Pluses are rewarding, even congratulatory. They symbolize the value of a little extra effort, time management and aptitude. Pluses are what grades should be — positive reinforcement, or rewards for learning and applying material thoroughly. Motivators in their essence, pluses foster a strong sense of pride and accomplishment, all while encouraging students to go beyond what is expected of them.

Minuses are demotivating, even discouraging. They have a negative psychological impact on students, as getting a grade with a minus symbol, such as a B-, might make a student feel like they just missed the higher grade, which creates disappointment and decreased motivation. A student who is just trying their hardest to pass a difficult class with a 70 will be content with a C, but annoyed with a C-. The minus is telling the student that their effort was not enough, which is simply degrading and almost feels like a punishment.

Receiving repeated minuses can absolutely result in a bitter attitude towards education and learning as a whole, as they inadvertently instill a fear of failure and a reluctance to take risks, hindering students’ willingness to explore challenging academic pursuits.
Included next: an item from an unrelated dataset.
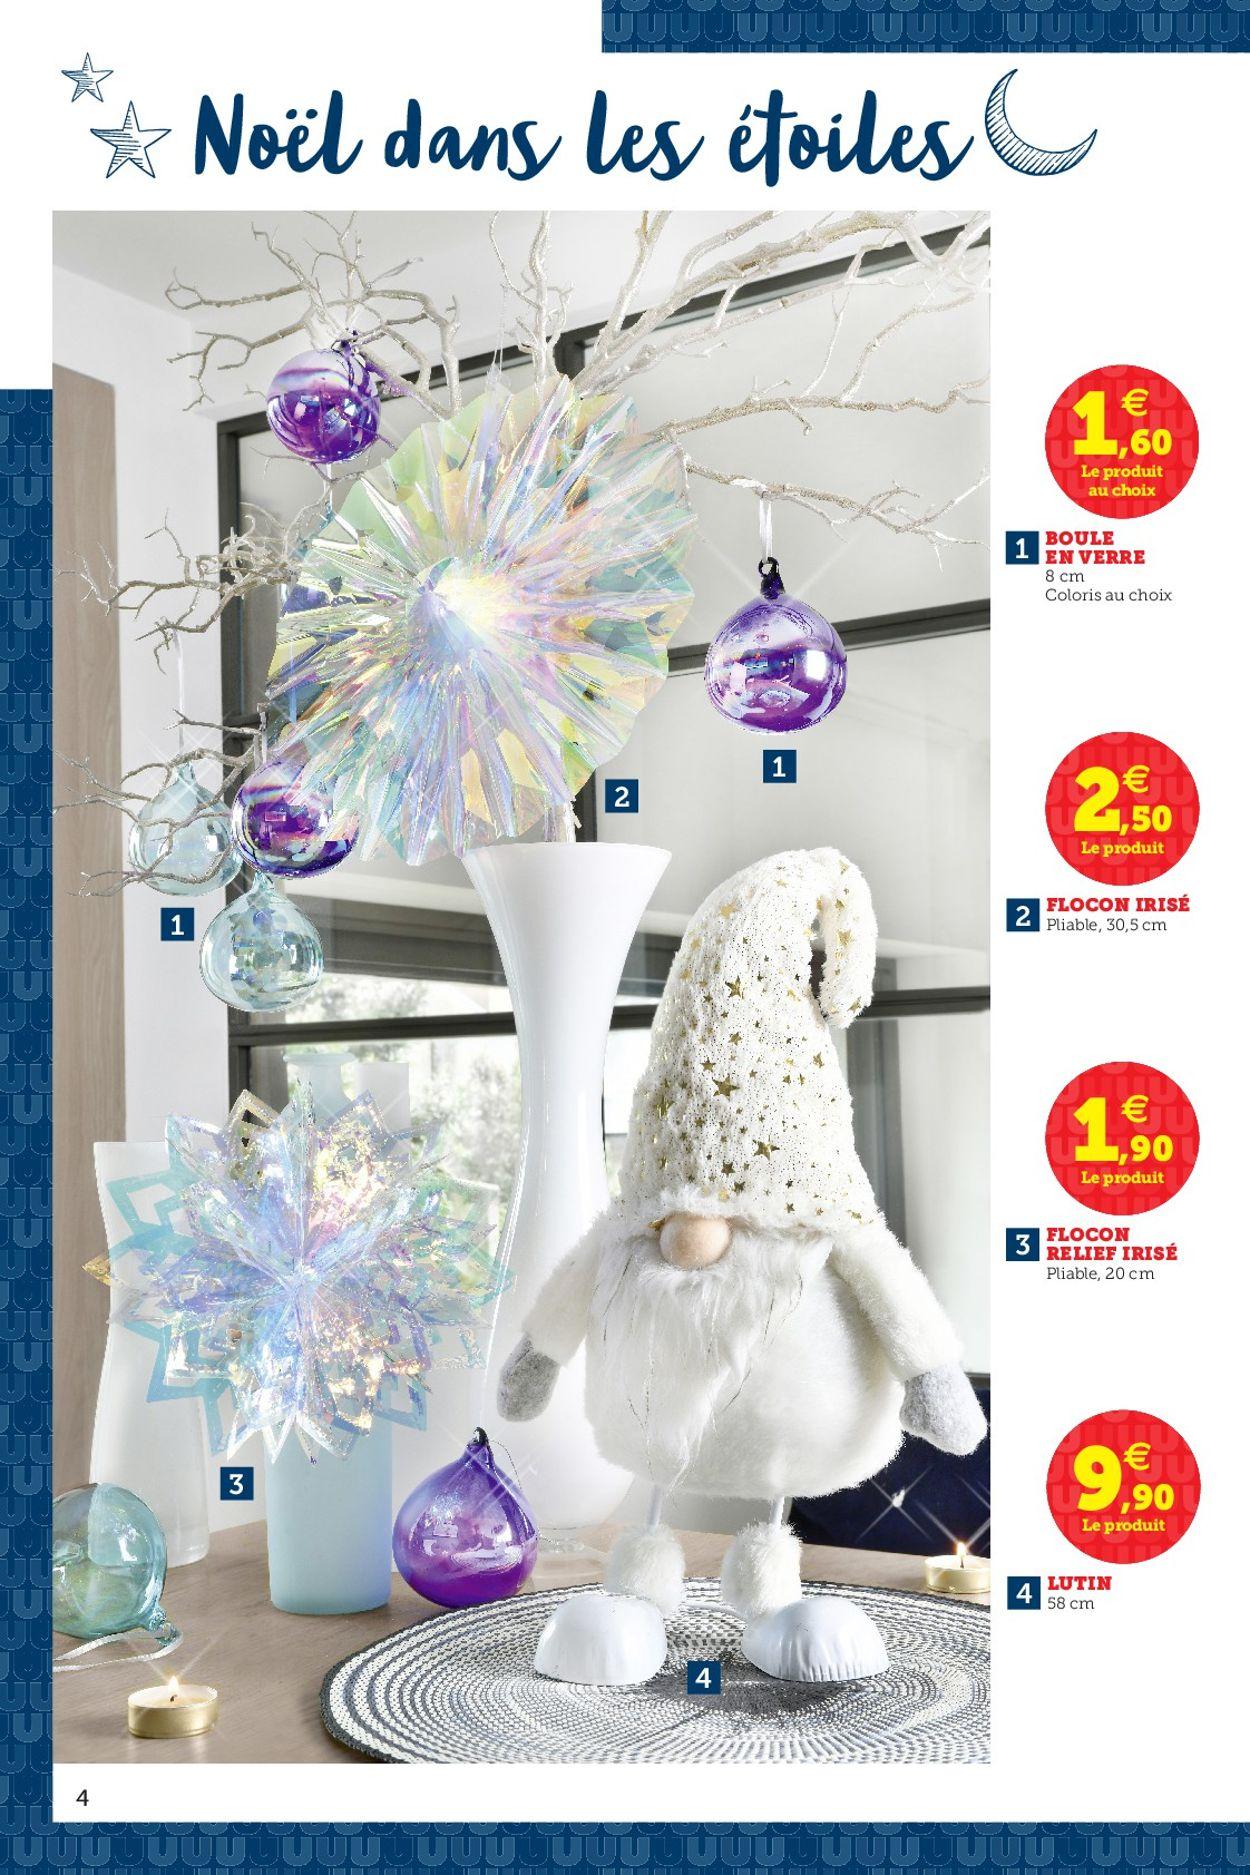 Magasins U - noël Catalogue - 17.11-24.12.2020 (Page 4)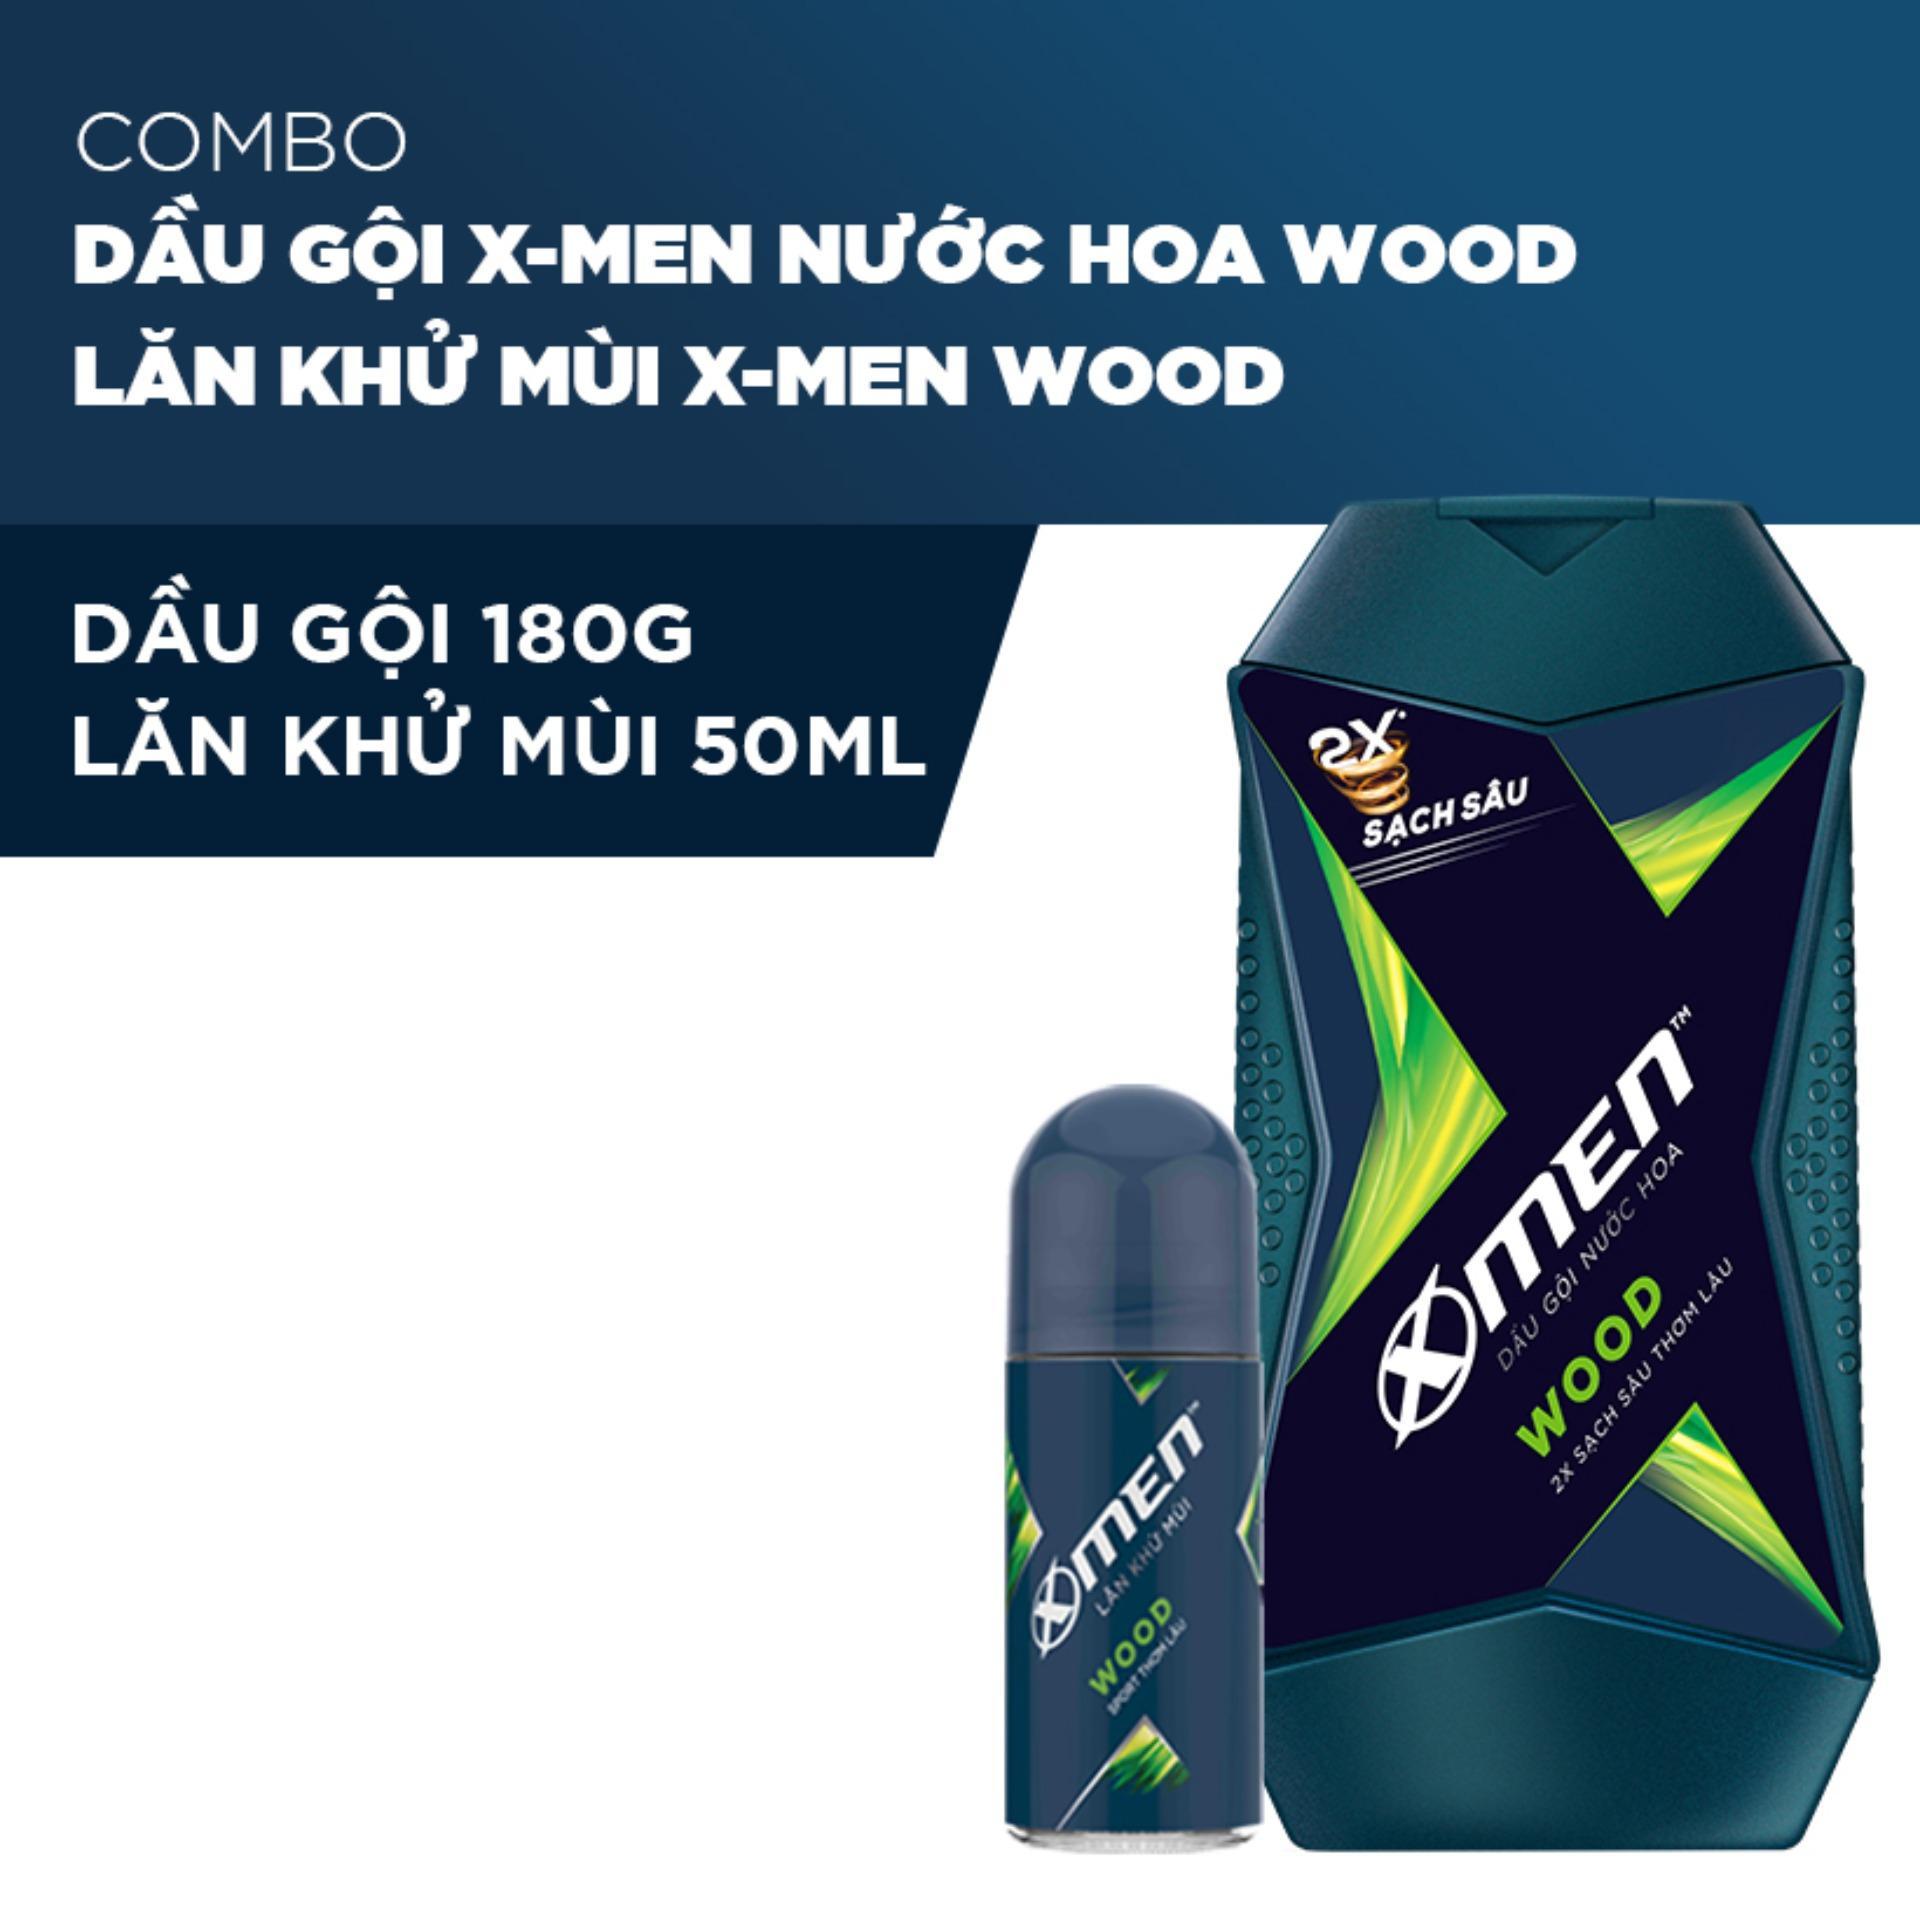 Combo Dầu Gội X-Men Nước hoa Wood 180g và Lăn khử mùi Xmen Wood 50ml

Long term, this can lead to burnout, decreased well-being, and even academic disengagement as students prioritize avoiding negative outcomes over the joy of learning.

Beyond the psychological effects, minuses lower a student’s GPA more significantly than just receiving the regular grade without the minus, impacting graduate school admissions, scholarship eligibility, and possibly co-op and job offers. Nit-picky grade intervals inaccurately represent a student’s true abilities and can hinder their chances of reaching their full potential.

While some may argue that the plus and minus system sets higher academic standards and promotes a more competitive environment, the difference between an 82 (B-) and an 83 (B) in many cases is negligible, accounting for one more correct test question. This overly critical scale only promotes unhealthy stress and failure to look at the big picture.

For these reasons, the solution is clear: keep the pluses and subtract the minuses. Students should feel that Drexel wants them to succeed academically. Removing minuses from our grading scale will promote a culture of ambition and optimism, putting the focus back on the talent of students, instead of on their “shortcomings.” This shift would encourage students to develop growth mindsets, embrace challenges, and pursue intellectual growth without the fear of being penalized for minor discrepancies. The removal of minuses will very likely lead to a more curious, motivated and proactive student body.